Moreover, private banks are more flexible, offering a wide range of products tailored to clients' needs in various ways to maintain their portfolios and achieve profitability. State-owned banks, on the other hand, rely on a large and stable deposit base linked to the public sector and depend more on public trust in the public sector than in the private sector. This provides better funding stability, especially regarding financing costs, even if it comes at the expense of faster pricing and changing profit margins, according to Ahmed.

Flexibility in Volatile Environments

Short-term repricing has a positive side. “Banks benefit from short-term repricing because it allows them to respond quickly to liquidity pressures, inflation shifts, and changes in monetary policy. In volatile environments, that flexibility is useful because institutions can adjust pricing rapidly to defend deposits and manage immediate funding stress,” according to Taha.

However, relying on short-term obligations carries risks. Ahmed explains: “While banks can benefit from being able to keep pace with changes in monetary policy, there is a risk of a significant increase in the cost of financing if interest rates rise, or that depositors may switch to better alternatives with higher returns than bank interest.”

“The vulnerability is that this creates a more reactive funding structure rather than a stable one,” Taha points out. The main risks include refinancing and rollover risk. “When funding is concentrated in short-duration instruments, banks must constantly renew those liabilities. If market sentiment shifts or depositors find better alternatives, liquidity can exit quickly,” he adds.

Margin compression is another risk. Taha explains that “if banks repeatedly raise rates to retain deposits, their funding costs rise faster than asset yields can adjust, especially when loan books are priced over a longer term.”

Equally important, “clients may become conditioned to chase the highest short-term return rather than maintain relationship-based deposits, making the deposit base more volatile and less sticky,” Taha says.

Taha also points to weak balance-sheet planning, highlighting that “dependence on tactical repricing can discourage the development of durable structural funding sources, such as longer-duration deposits or diversified wholesale funding channels.”

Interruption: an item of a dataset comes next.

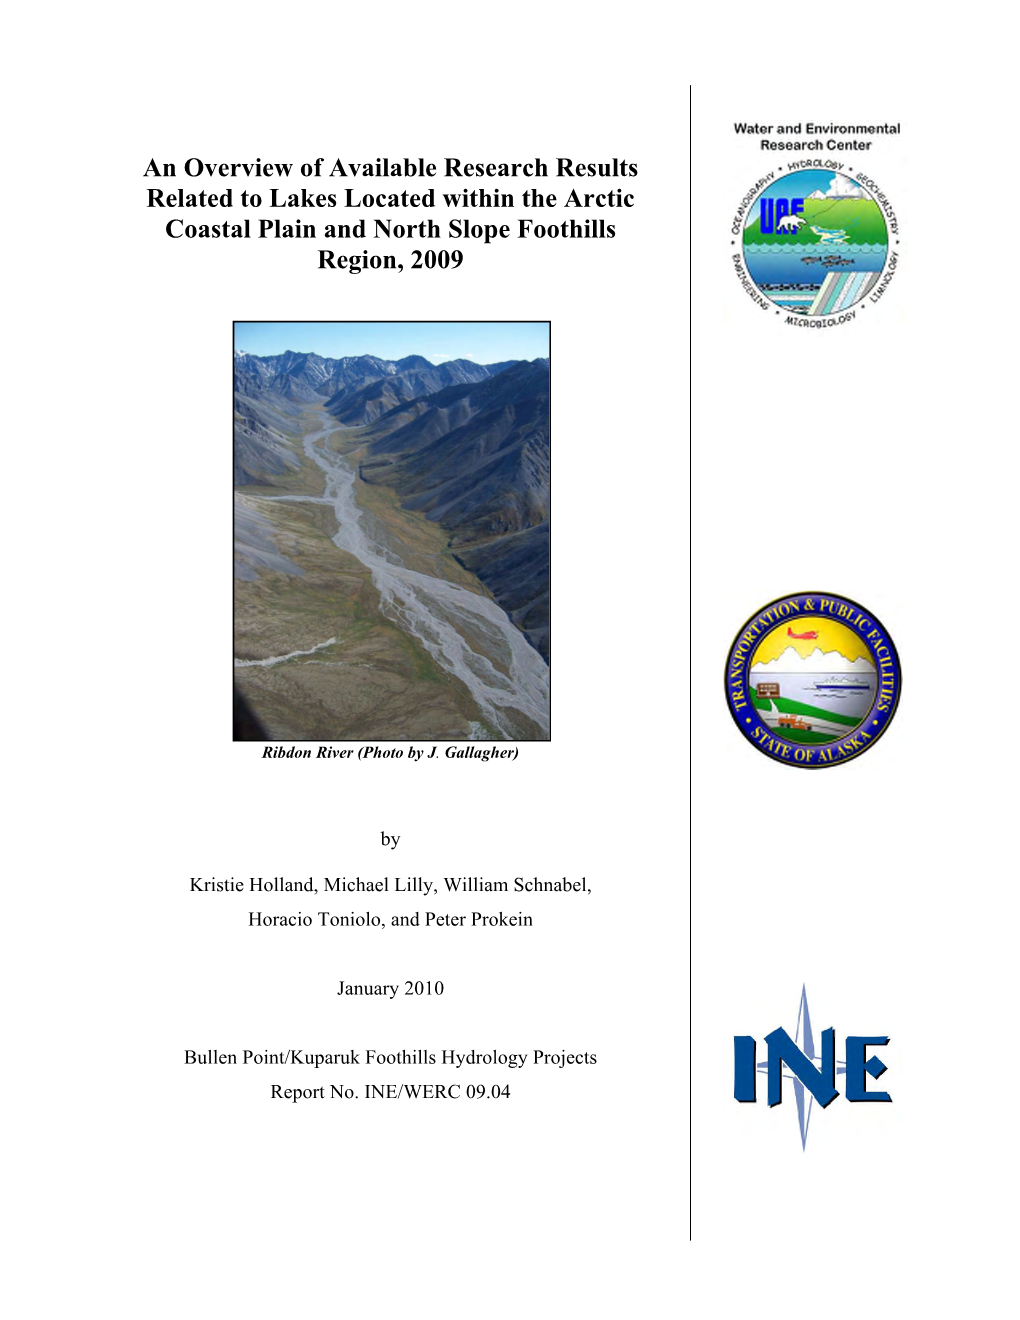 Lake Survey Data for the Coastal Plain from Prudhoe Bay to Bullen

Accordingly, “there is a genuine risk that tactical tightening today can weaken structural funding stability tomorrow if it becomes the default strategy rather than a temporary response,” Taha warns.

Hussein underscores that while liquidity mop-up can stabilize expectations in the short run, “stable foreign direct investment is not attracted by high nominal yields alone. Investors look for currency convertibility, policy predictability, and a credible medium-term macro framework. If mop-up becomes a recurring emergency instrument, it signals persistent macro stress and future depreciation risk.” He argues that alternatives should include orthodox liquidity-management tools such as open-market operations, Treasury-bill sterilization, and reserve-requirement adjustments, alongside deeper local-currency debt markets.

Egypt’s banking sector has shown agility in addressing excess liquidity and renewed foreign-exchange pressures, deploying high-yield certificates, agile repricing instruments, and short-term FX products to stabilize savings and defend the pound. These measures bought time and eased immediate risks, but they also highlight the trade-off between tactical relief and structural resilience.

Banks are forced to depend on short-term instruments, which leaves them open to refinancing pressures, margin compression, and volatile depositor behavior. The model is fragile when the pricing needs to be reset quickly.

For long-term stability, the sector needs to go beyond reactive tightening and invest in structural funding solutions that balance competitiveness and resilience. Without such a shift, today’s tactical interventions risk becoming tomorrow’s vulnerabilities, exposing monetary stability to the very pressures they were designed to contain.